В своих картинах Верещагин вообще не допускал ничего вымышленного или изысканного, в угоду к какой-либо тенденции, доктрины или учения. Он писал только то, что сам видел, а писал потому, что находил это интересным и живописным, желая передать верную картину пережитого им, и никакими иными побуждениями при этом не руководствовался. Как показывает ниже напечатанная биография Верещагина, только желание учиться заставляло его ездить из Петербурга в Париж, оттуда на Кавказ, с Кавказа в Среднюю Азию, в Индию, на Балканы, в Болгарию, в Палестину, на Филиппины, на Дальний Восток. Всюду влекло его стремление увидать что-либо новое, найти новый материал для своей живописи, в таких странах, куда раньше Верещагина не проникал ни один из европейских художников. И где бы он ни был, в Туркестане ли, на Балканах ли, поднимался ли он на снеговые вершины Гималаев, чтобы на месте штудировать эффекты света и воздуха, где писал до изнеможения, так что кисть выпадала из рук, всюду, помимо неослабной энергии и непрерывности в работе, представляется изумительной его способность наблюдать во всякой обстановке, среди неудобств, лишений и опасностей. «Везде», писал он мне в одном из писем, «в Туркестане и в Индии, этюды знакомили с страною, учили меня; результатом являлись картины, созревавшие гораздо позже».

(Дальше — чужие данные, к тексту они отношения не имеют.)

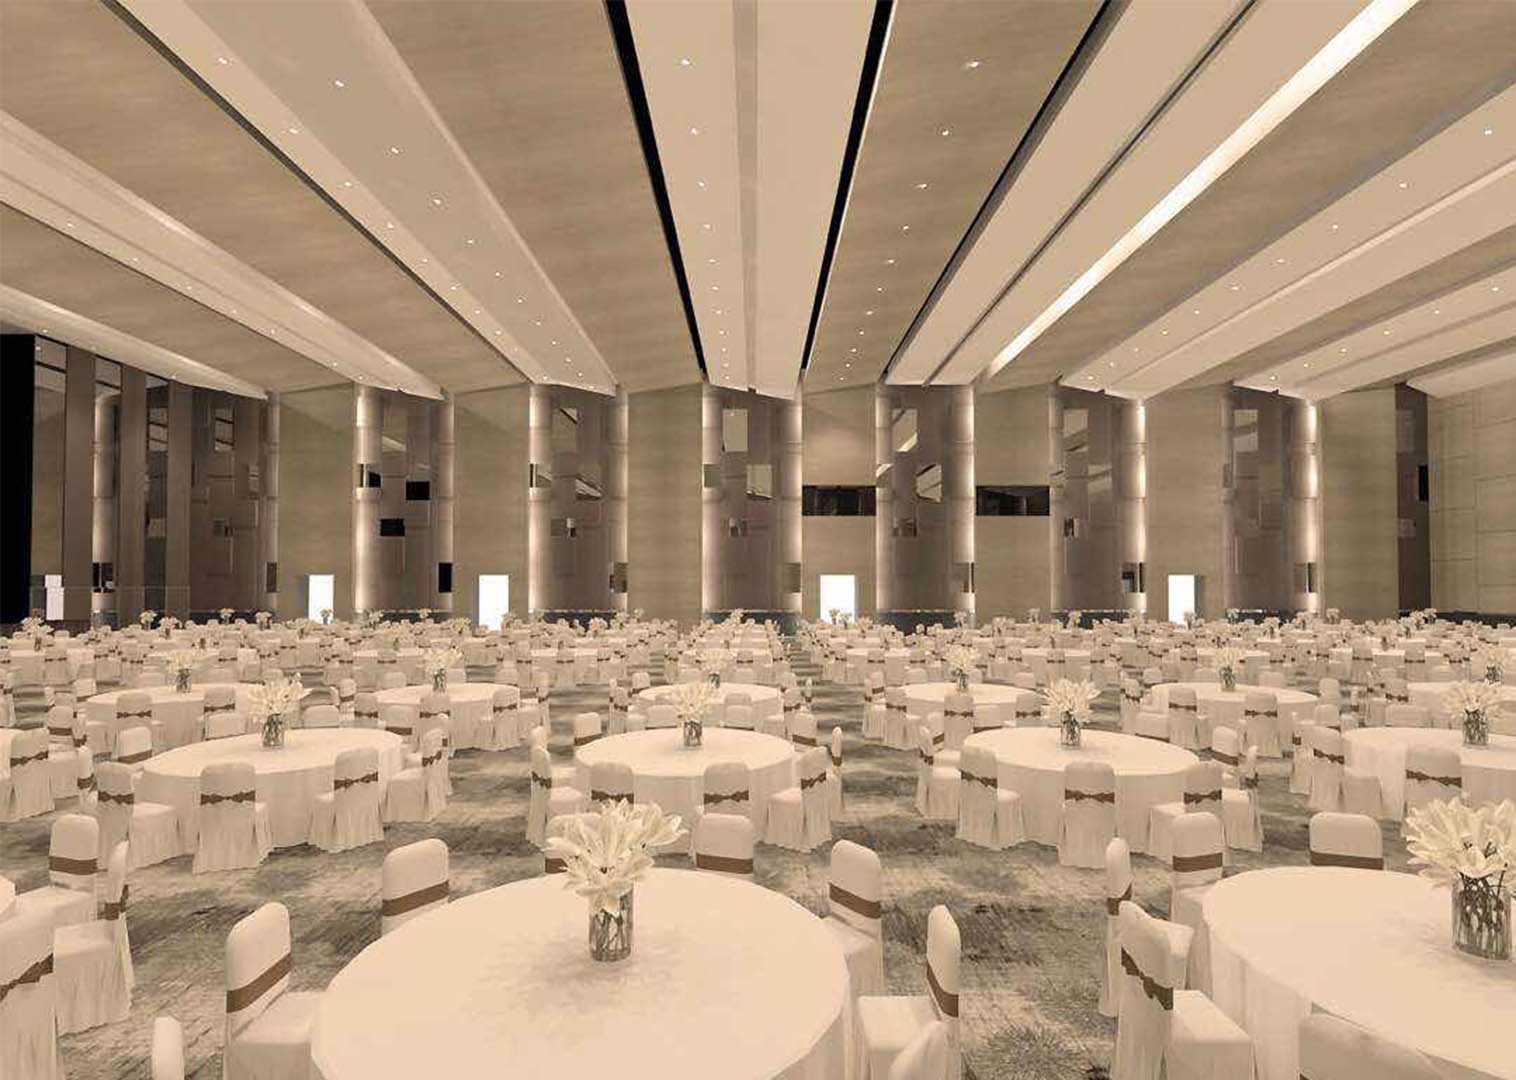 Banquet Hall of Helixuan Five-star Hotel in Malaysia

Почему же Верещагин так заинтересовался войной? Как он сам объяснял, в 1867 г. он решил ехать в Туркестан потому, что «хотел узнать, что такое истинная война, о которой много читал и слышал и близь которой был на Кавказе». Взялся же он за обработку сюжетов войны «далеко не в сантиментальном духе» вот почему: «так как мне самому», пишет он в предисловии к английскому каталогу своей нью-йоркской выставки, «пришлось убить в различных войнах не мало бедных своих ближних, то, стало быть, я не имел права сантиментальничать. А вид этих груд человеческих существ, зарезанных, застреленных, обезглавленных на моих глазах, в областях от границ Китая до Болгарии, неминуемо должен был оказать живое влияние на художественную сторону замысла… По громадной энергии и возбуждению, создаваемым войнами, по огромной умственной и материальной деятельности, вызываемой ими, они представляют собой явление интересное для всех, кто занимается изучением цивилизации человечества. Я задумал наблюдать войну в ее различных видах и передать это правдиво. Факты, перенесенные на холст без прикрас должны красноречиво говорить сами за себя.» И ужасы войны, им изображенные, действительно доказывали чудовищность бессмыслия этого «отвратительнейшего нароста на цивилизации».

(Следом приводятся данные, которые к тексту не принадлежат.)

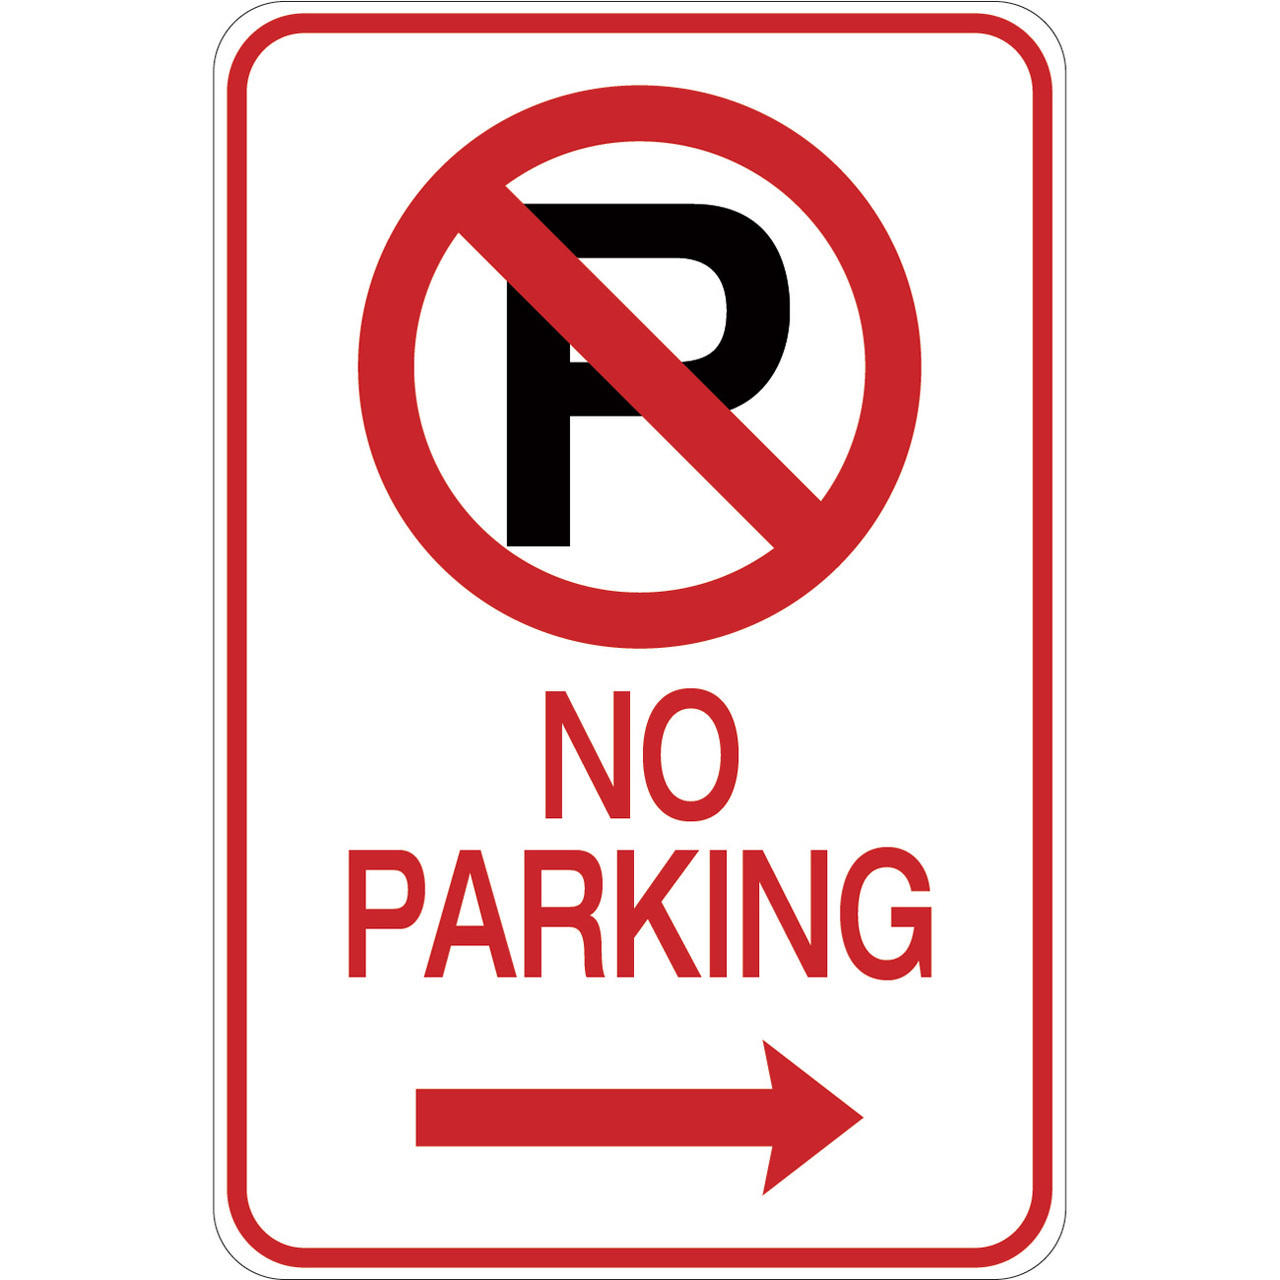 No Parking (with right arrow) - Aluminum Sign - Reflective

Не мудрено, что общество и друзья идеи мира считали автора таких картин одним из достойнейших кандидатов на известную Нобелевскую премию, учрежденную в поощрение пропаганды всеобщего мира. И, узнавши, что в числе кандидатов на получение этой, премии в 1900 г. было намечено его имя, Верещагин тогда же устроил свою выставку в Христиании. Он нисколько не скрывал своего желания взять верх в этом культурном состязании, о чем свидетельствует недавно напечатанная переписка его по этому поводу с Ж. Клареси и Е. Цабелем. «Одни», говорил он, «распространяют идеи мира своим увлекательным, могучим словом, другие выставляют в защиту ее разные аргументы, религиозные, экономические и др., а я проповедую то же посредством красок. Не скажу, что крупное денежное вознаграждение меня совсем не интересует, да и не поверят этому, если скажу; но несравненно важнее для меня признание того, что искусство в данном отношении имеет такое же облагораживающее воспитательное значение, как изящная литература и ораторское красноречие.» Но премия не ему была присуждена, так как заранее была организована агитация в пользу Дюнана, основателя «Красного Креста».

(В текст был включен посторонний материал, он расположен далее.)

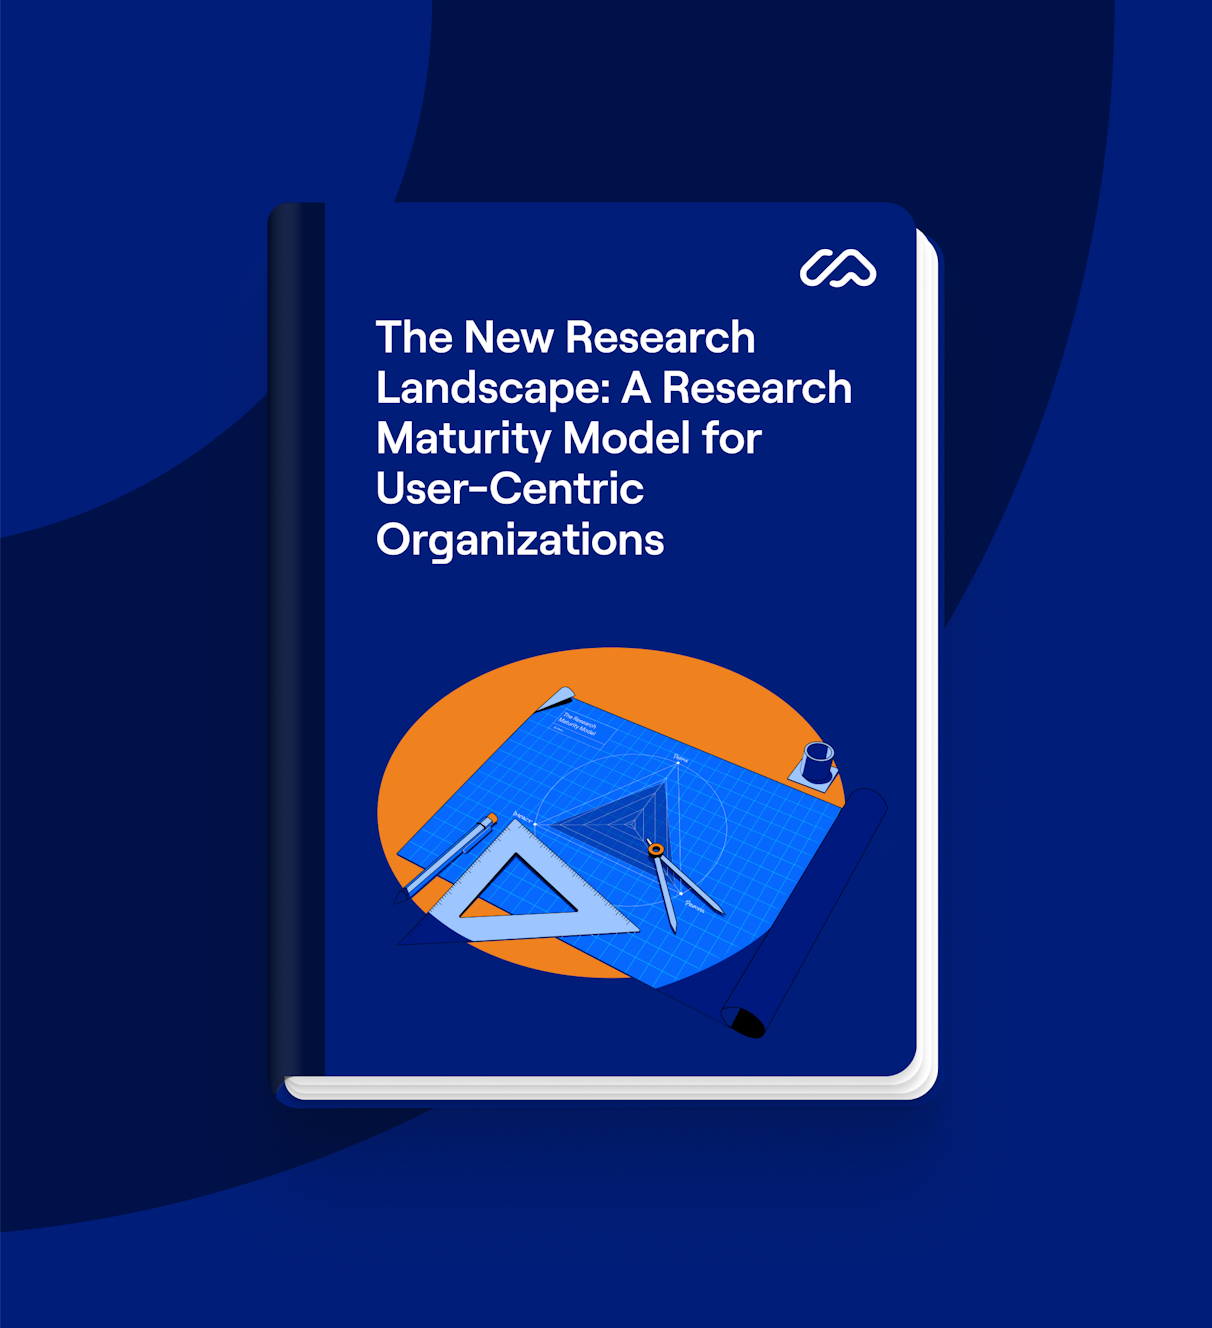 The New Research Landscape: A Research Maturity Model for User-Centric Organizations

И вот этот-то «один из самых горячих поборников идеи мира», при помощи красок ратовавший против войны, как ужаснейшего бича человечества, сам трагически сделался жертвой этого бича. Художник-воин, боевой товарищ Скобелева, не взирая па свои 62 года, в феврале 1904 г. поспешил на Дальний Восток, при первых известиях о разразившейся там Русско-Японской войне. 31 марта 1904 г. он погиб и погребен в морской пучине вместе с броненосцем «Петропавловск». И смерть застала его на посту художника-наблюдателя в то время, когда – по рассказу спасшегося сигнальщика корабля – этот «славный старик, красивый, с большой белой бородой», «с Георием в петлице ходил по палубе с книжечкой и все что-то там записывал»…

* * *

Почти пятнадцатилетнее знакомство с В. В. Верещагиным, поддерживавшееся письменными сношеньями, оставило во мне наилучшие воспоминания о благороднейшей личности этого величайшего из русских художников и оригинальнейшего из русских людей. В знак глубокого почтенья к его памяти и печатается это издание о нем, где собраны все существеннейшие данные о незабвенной, плодотворной и назидательной деятельности его на пользу искусства, вдохновлявшейся идеями гуманности, правды и добра. Сюда же включено и все то, что может представлять общественный интерес, из замечательной жизни покойного художника, которая была преисполнена такого трудолюбия, энергии изумительной предприимчивости и широких планов.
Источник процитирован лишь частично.